→ DATASET EXCERPT:
☆ ☆ ☆ ☆ ☆ ☆ ☆
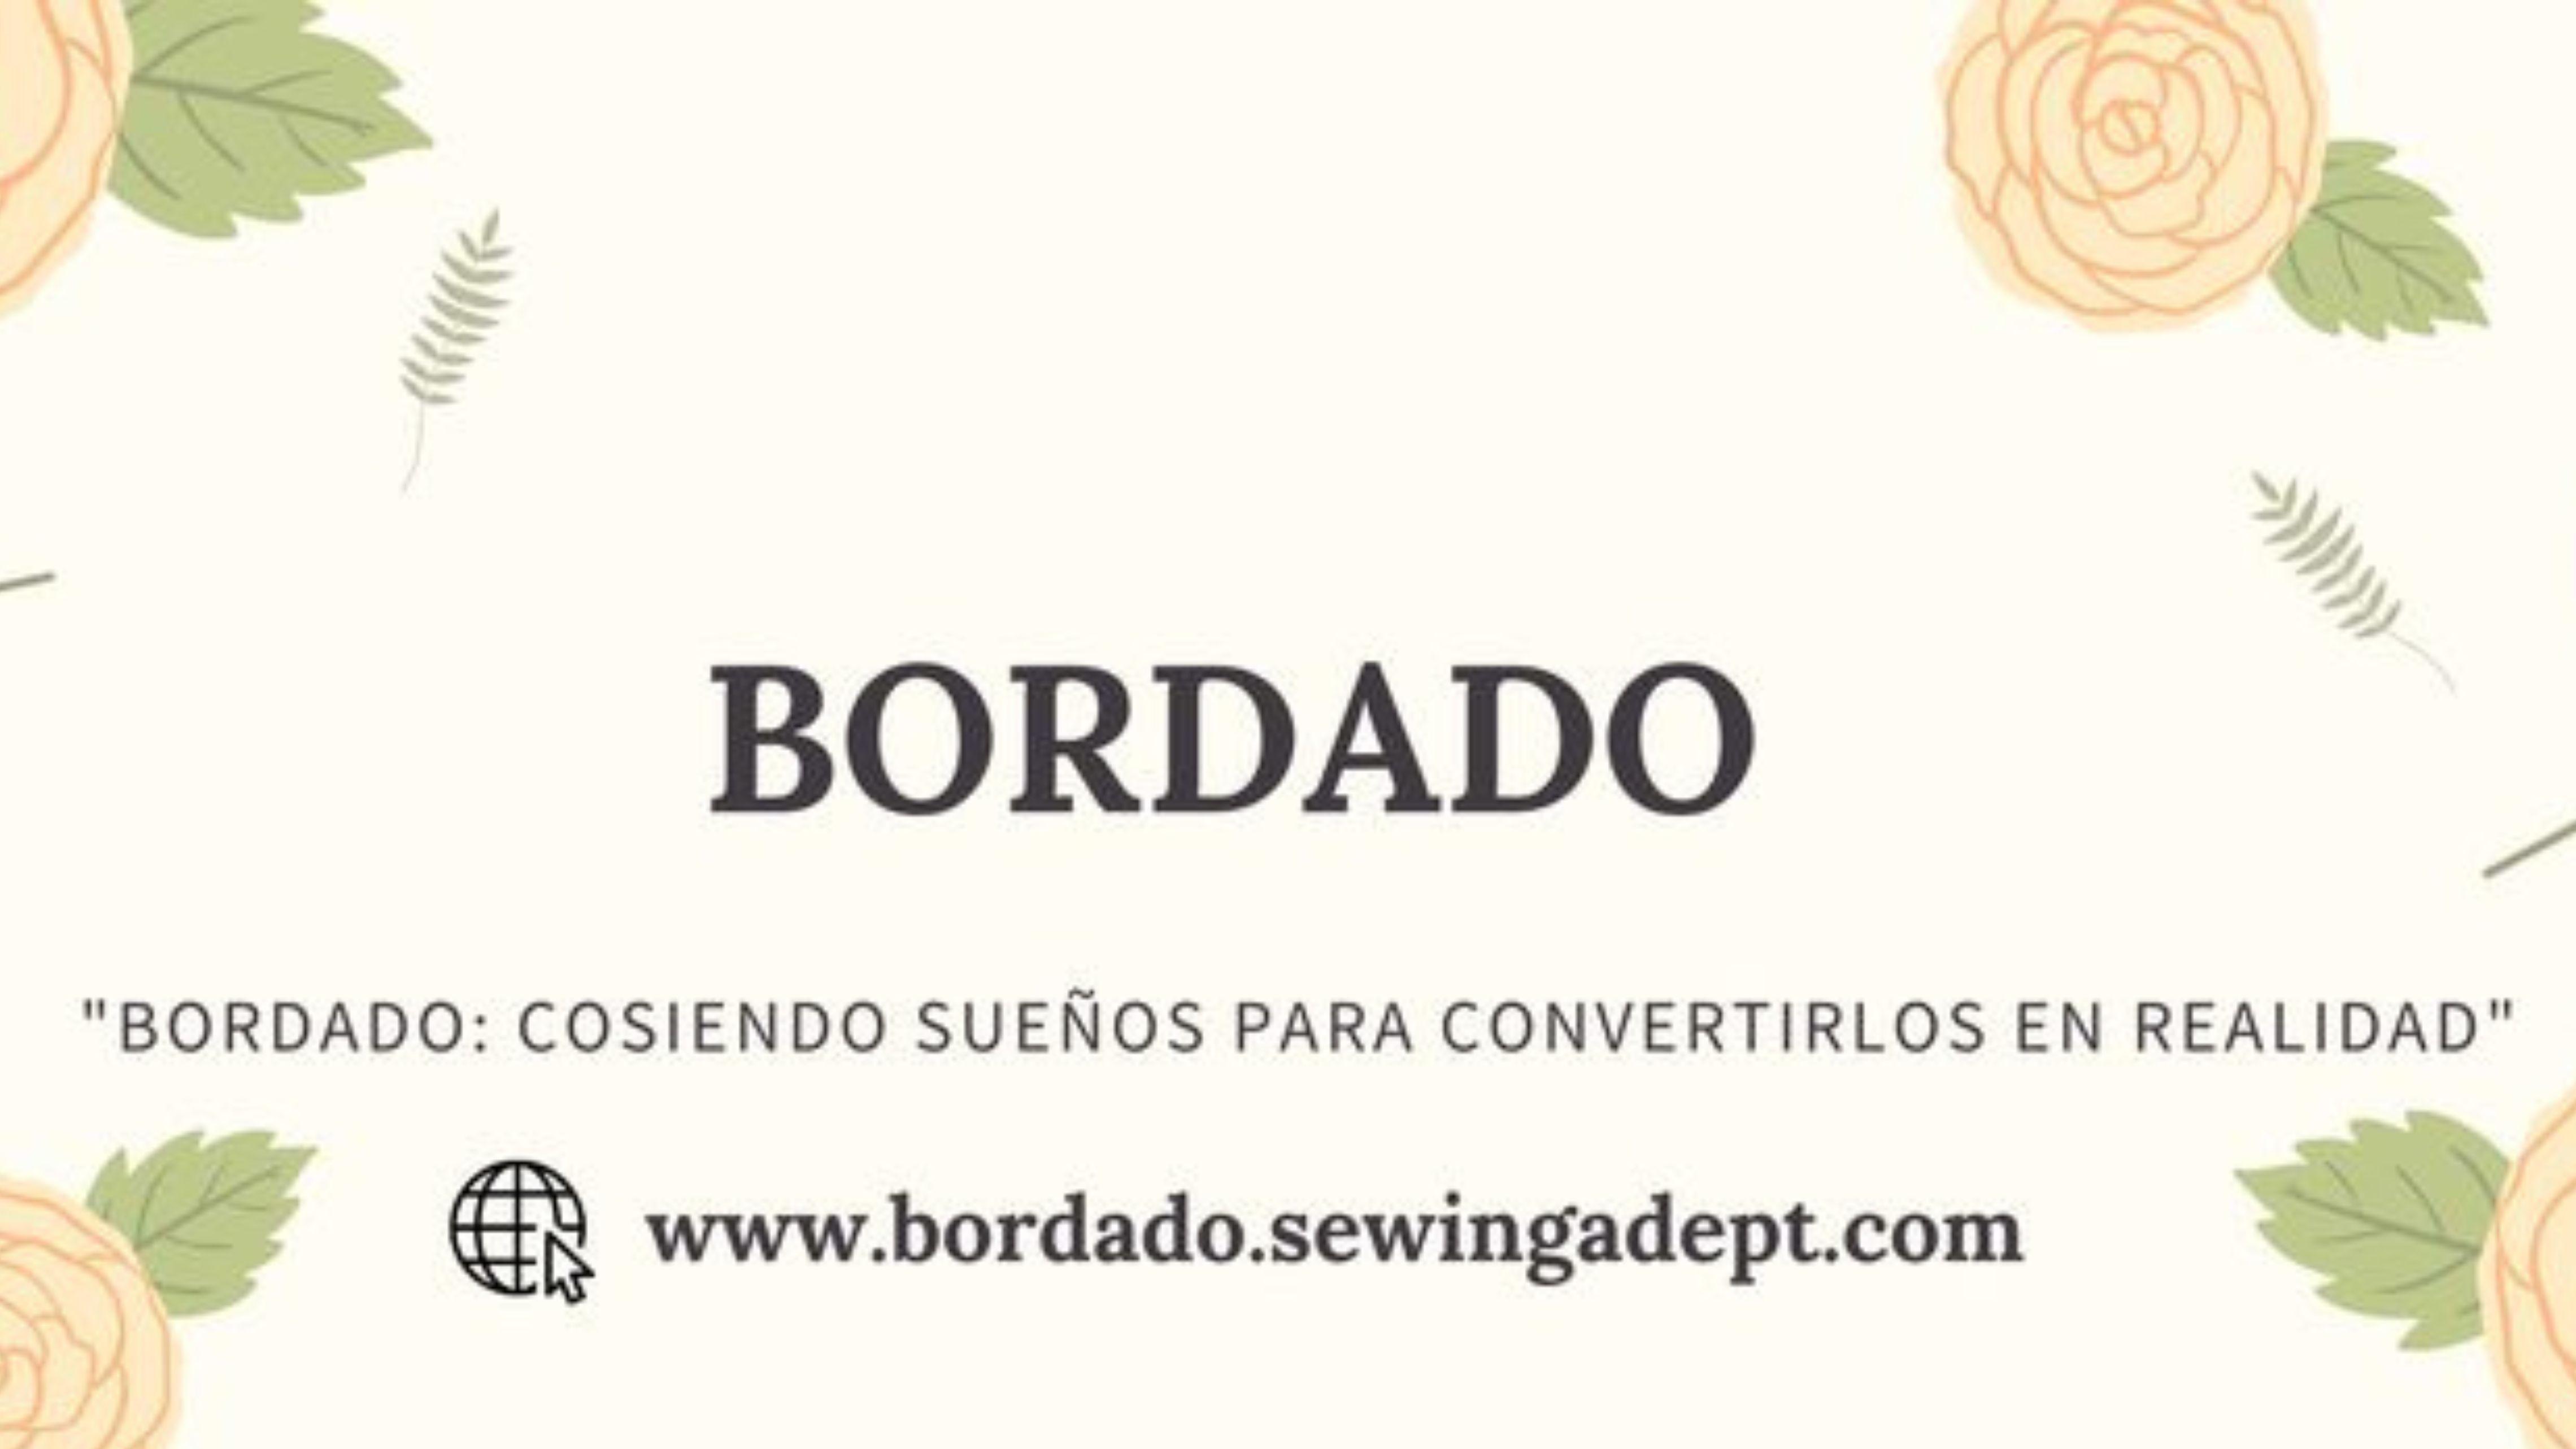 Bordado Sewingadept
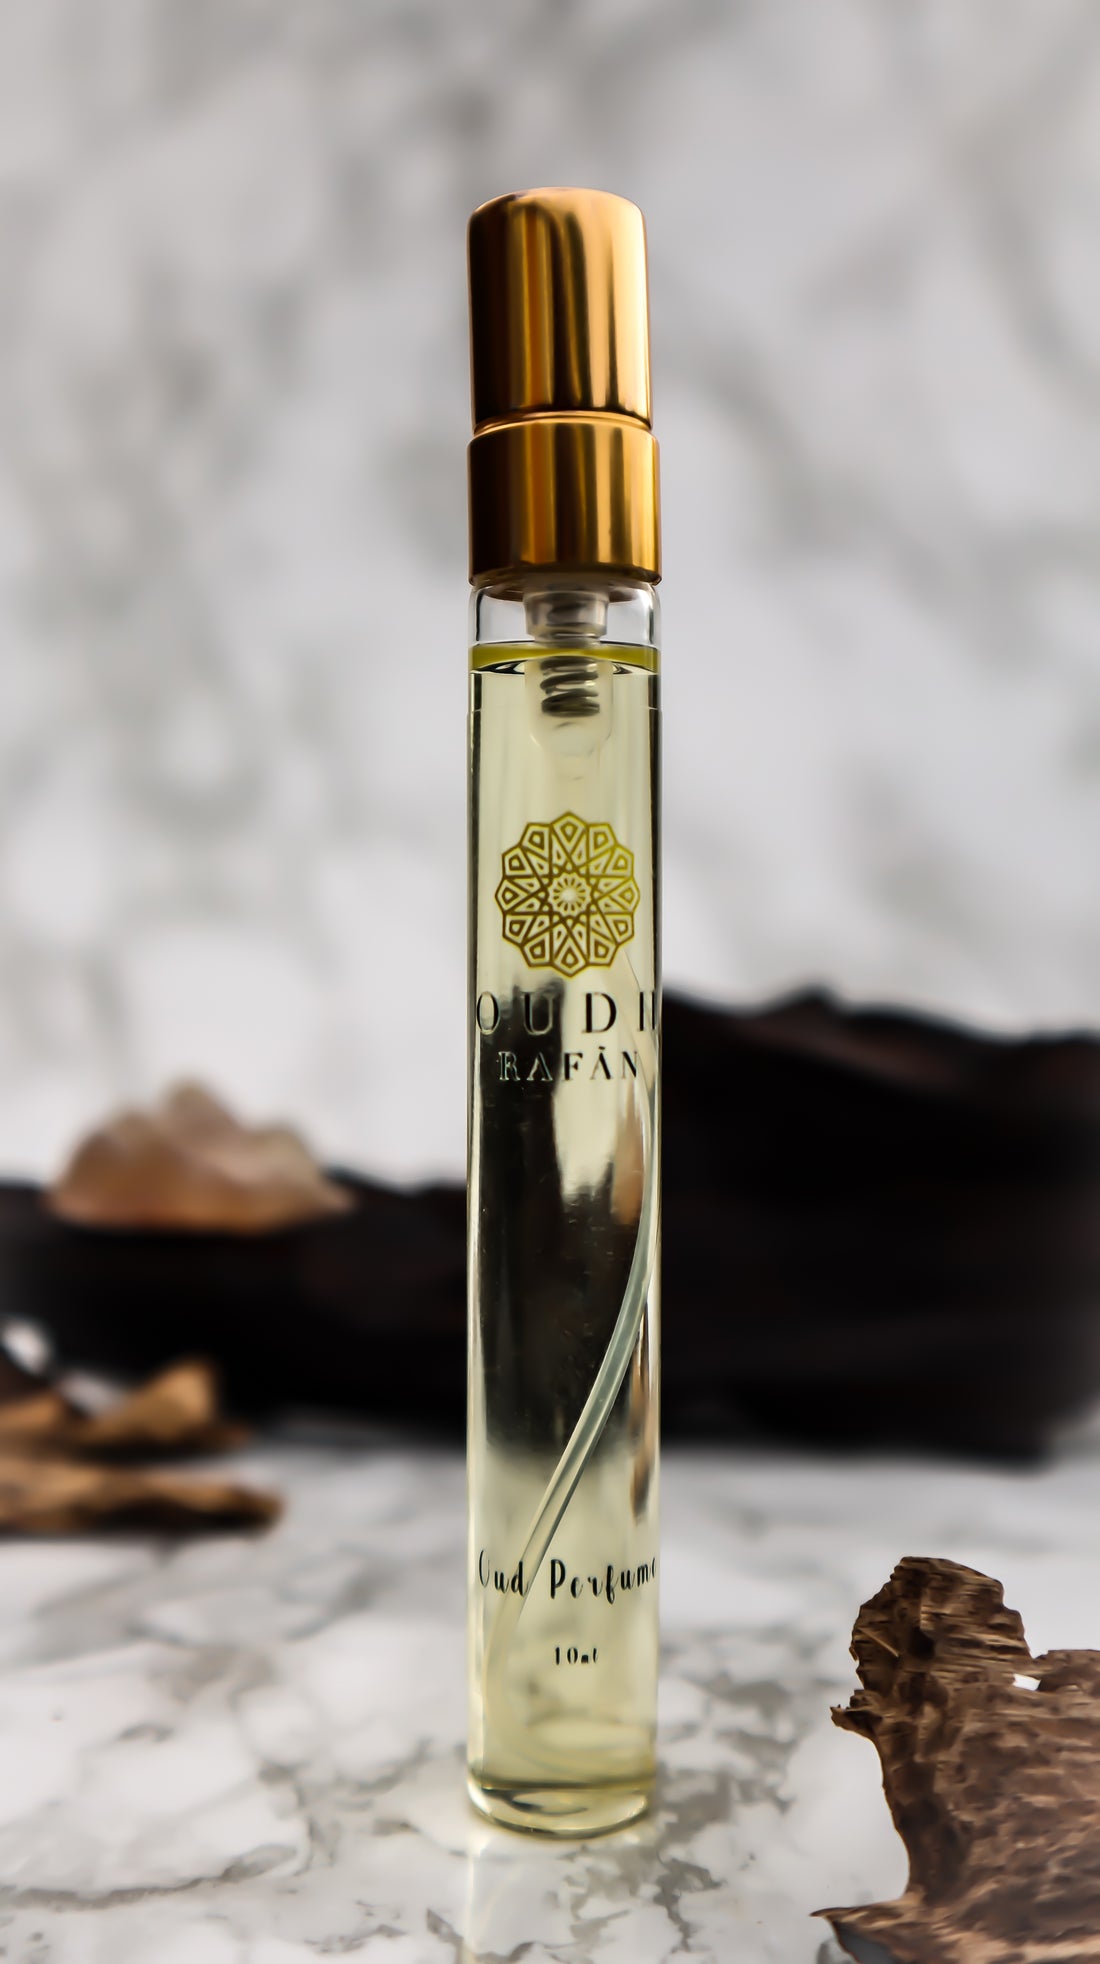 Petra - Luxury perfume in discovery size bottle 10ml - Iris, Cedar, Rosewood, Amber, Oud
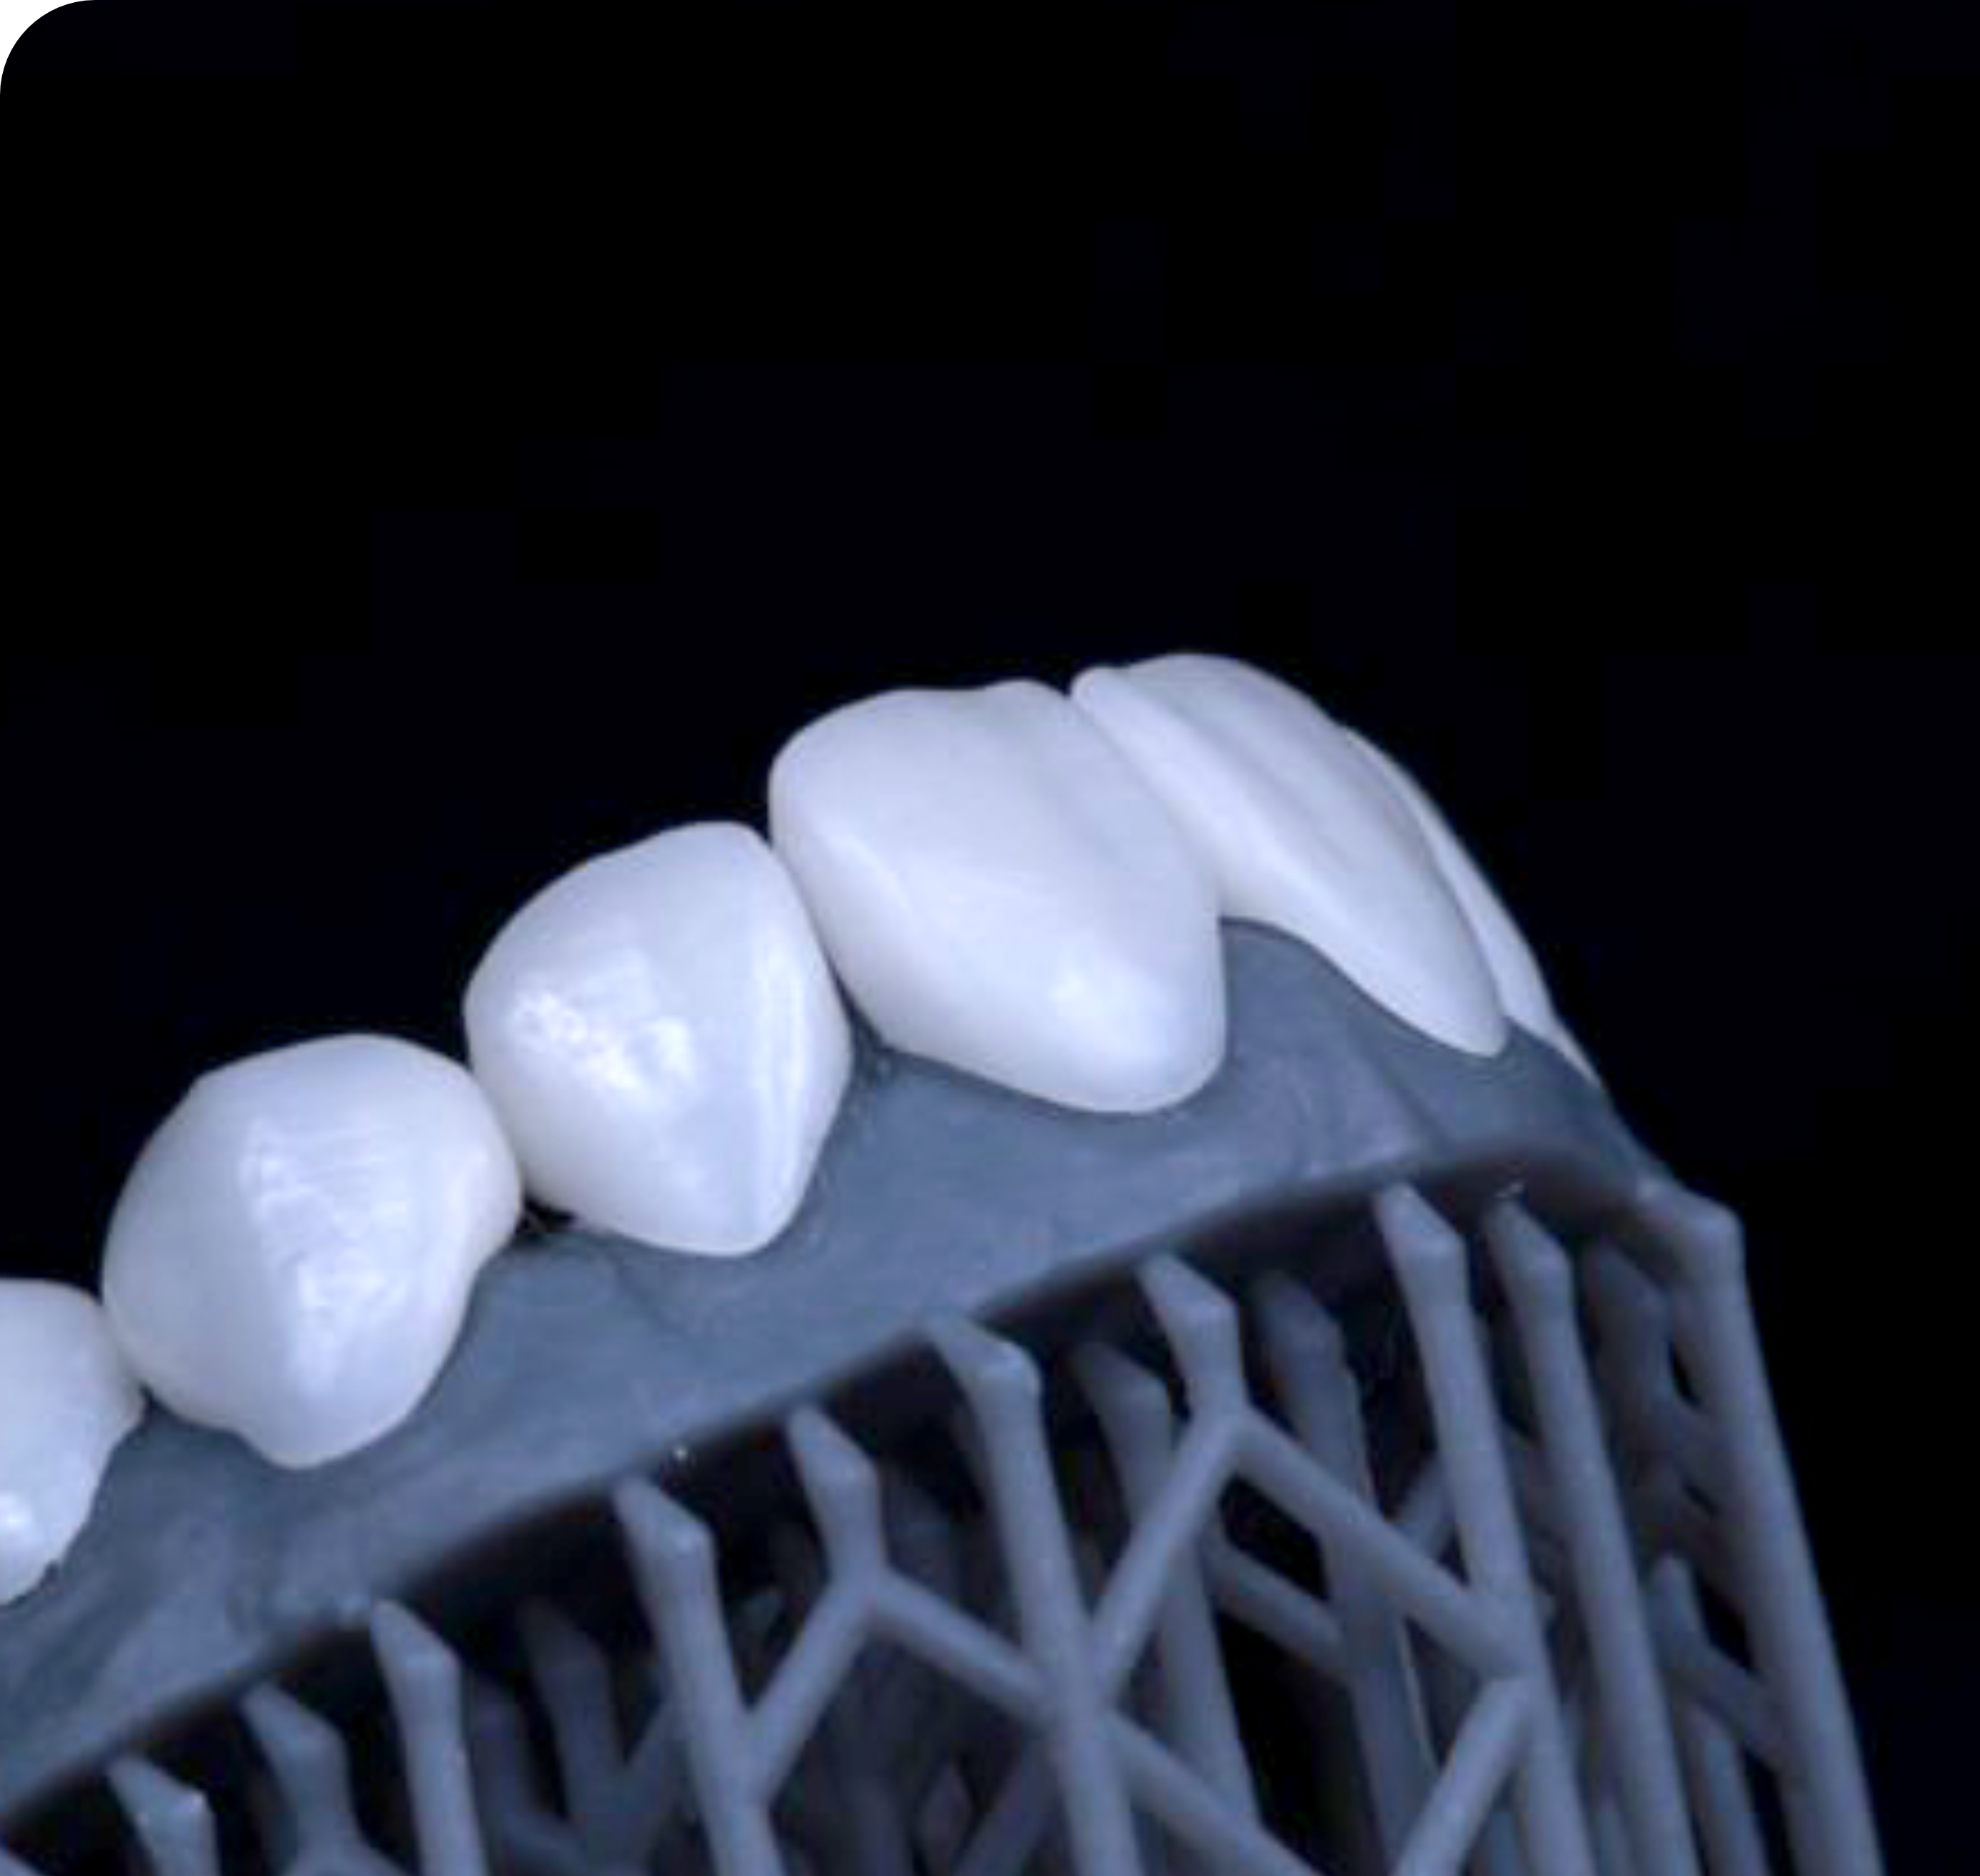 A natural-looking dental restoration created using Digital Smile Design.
☆ ☆ ☆ ☆ ☆ ☆ ☆
Reprint the listing above exactly, without images.

 Bordado Sewingadept
 Petra - Luxury perfume in discovery size bottle 10ml - Iris, Cedar, Rosewood, Amber, Oud
 A natural-looking dental restoration created using Digital Smile Design.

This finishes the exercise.